- About this task -
Using the listing below, copy exactly the lines from the one containing "Florida Governor Ron" to the one containing "Triangular Pendant with", both lines included, and no others.

- Data provided -
********************

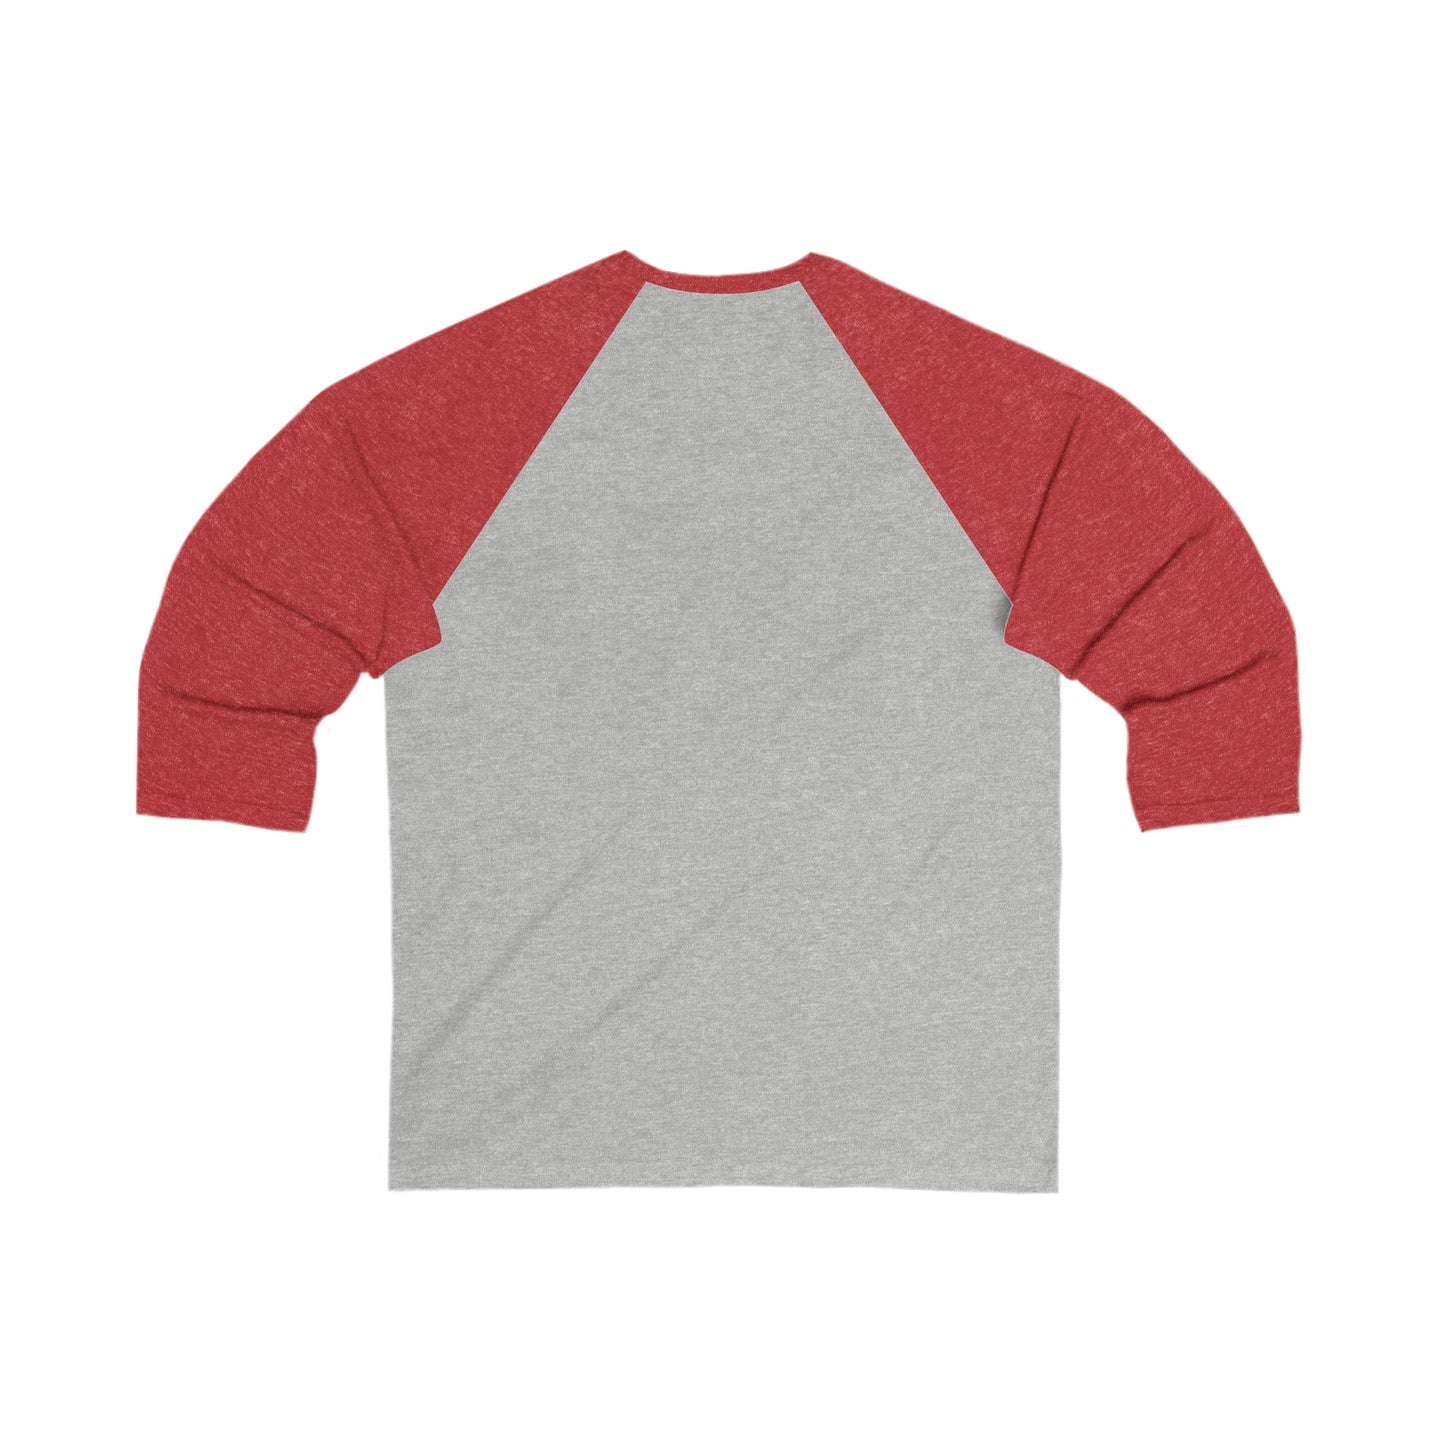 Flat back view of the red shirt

********************

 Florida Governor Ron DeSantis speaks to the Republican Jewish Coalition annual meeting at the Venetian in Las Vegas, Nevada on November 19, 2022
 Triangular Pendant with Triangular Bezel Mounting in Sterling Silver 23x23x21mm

********************

- Solution for this exercise -
 Florida Governor Ron DeSantis speaks to the Republican Jewish Coalition annual meeting at the Venetian in Las Vegas, Nevada on November 19, 2022
 Triangular Pendant with Triangular Bezel Mounting in Sterling Silver 23x23x21mm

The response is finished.